Comparing different values for the number of modules per thread
suggested an optimum at `length targets `div` (n_cap * 2)`, with results
similar to this one (6 cores, 12 threads):
```
Benchmark 1: linear 1 jobs
Time (mean ± σ): 1.775 s ± 0.026 s [User: 1.377 s, System: 0.399 s]
Range (min … max): 1.757 s … 1.793 s 2 runs
Benchmark 2: linear 6 jobs
Time (mean ± σ): 876.2 ms ± 20.9 ms [User: 1833.2 ms, System: 518.6 ms]
Range (min … max): 856.2 ms … 898.0 ms 3 runs
Benchmark 3: linear 12 jobs
Time (mean ± σ): 793.5 ms ± 23.2 ms [User: 2318.9 ms, System: 718.6 ms]
Range (min … max): 771.9 ms … 818.0 ms 3 runs
```
Results don't differ much when the batch size is reduced to a quarter
of that, but there's significant thread scheduling overhead for a size
of 1:
```
Benchmark 1: linear 1 jobs
Time (mean ± σ): 2.611 s ± 0.029 s [User: 2.851 s, System: 0.783 s]
Range (min … max): 2.591 s … 2.632 s 2 runs
Benchmark 2: linear 6 jobs
Time (mean ± σ): 1.189 s ± 0.007 s [User: 2.707 s, System: 1.103 s]
Range (min … max): 1.184 s … 1.194 s 2 runs
Benchmark 3: linear 12 jobs
Time (mean ± σ): 1.097 s ± 0.006 s [User: 2.938 s, System: 1.300 s]
Range (min … max): 1.093 s … 1.101 s 2 runs
```
Larger batches also slightly worsen performance.
- - - - -
5 changed files:
- compiler/GHC/Driver/Make.hs
- compiler/GHC/Unit/Finder.hs
- testsuite/tests/ghc-api/downsweep/OldModLocation.hs
- testsuite/tests/ghc-api/downsweep/PartialDownsweep.hs
- utils/haddock/haddock-api/src/Haddock/Interface.hs
Changes:
=====================================
compiler/GHC/Driver/Make.hs
=====================================
@@ -5,6 +5,8 @@
{-# LANGUAGE ApplicativeDo #-}
{-# LANGUAGE MultiWayIf #-}
{-# LANGUAGE RecordWildCards #-}
+{-# LANGUAGE LambdaCase #-}
+{-# LANGUAGE BlockArguments #-}
-- -----------------------------------------------------------------------------
--
@@ -122,7 +124,7 @@ import qualified Control.Monad.Catch as MC
import Data.IORef
import Data.Maybe
import Data.Time
-import Data.List (sortOn)
+import Data.List (sortOn, unfoldr)
import Data.Bifunctor (first)
import System.Directory
import System.FilePath
@@ -169,7 +171,7 @@ depanal :: GhcMonad m =>
-> Bool -- ^ allow duplicate roots
-> m ModuleGraph
depanal excluded_mods allow_dup_roots = do
- (errs, mod_graph) <- depanalE excluded_mods allow_dup_roots
+ (errs, mod_graph) <- depanalE mkUnknownDiagnostic Nothing excluded_mods allow_dup_roots
if isEmptyMessages errs
then pure mod_graph
else throwErrors (fmap GhcDriverMessage errs)

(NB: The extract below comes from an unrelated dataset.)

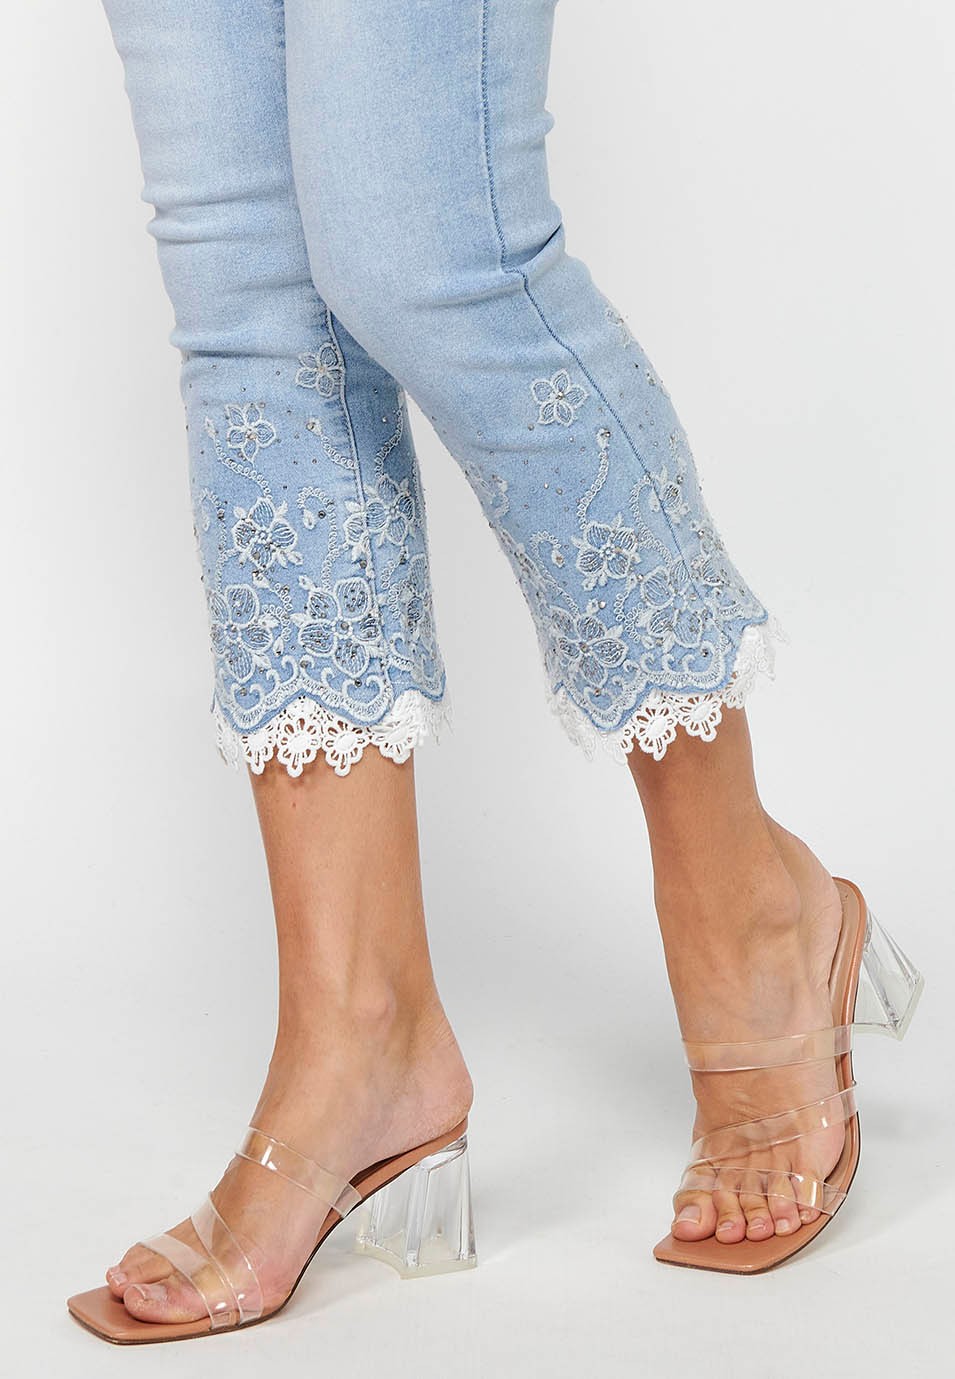 Long slim jeans pants with front zipper closure and light blue floral embroidered details for women 7

@@ -177,12 +179,14 @@ depanal excluded_mods allow_dup_roots = do
-- | Perform dependency analysis like in 'depanal'.
-- In case of errors, the errors and an empty module graph are returned.
depanalE :: GhcMonad m => -- New for #17459
- [ModuleName] -- ^ excluded modules
+ (GhcMessage -> AnyGhcDiagnostic)
+ -> Maybe Messager
+ -> [ModuleName] -- ^ excluded modules
-> Bool -- ^ allow duplicate roots
-> m (DriverMessages, ModuleGraph)
-depanalE excluded_mods allow_dup_roots = do
+depanalE diag_wrapper msg excluded_mods allow_dup_roots = do
hsc_env <- getSession
- (errs, mod_graph) <- depanalPartial excluded_mods allow_dup_roots
+ (errs, mod_graph) <- depanalPartial diag_wrapper msg excluded_mods allow_dup_roots
if isEmptyMessages errs
then do
hsc_env <- getSession
@@ -220,11 +224,13 @@ depanalE excluded_mods allow_dup_roots = do
-- new module graph.
depanalPartial
:: GhcMonad m
- => [ModuleName] -- ^ excluded modules
+ => (GhcMessage -> AnyGhcDiagnostic)
+ -> Maybe Messager
+ -> [ModuleName] -- ^ excluded modules
-> Bool -- ^ allow duplicate roots
-> m (DriverMessages, ModuleGraph)
-- ^ possibly empty 'Bag' of errors and a module graph.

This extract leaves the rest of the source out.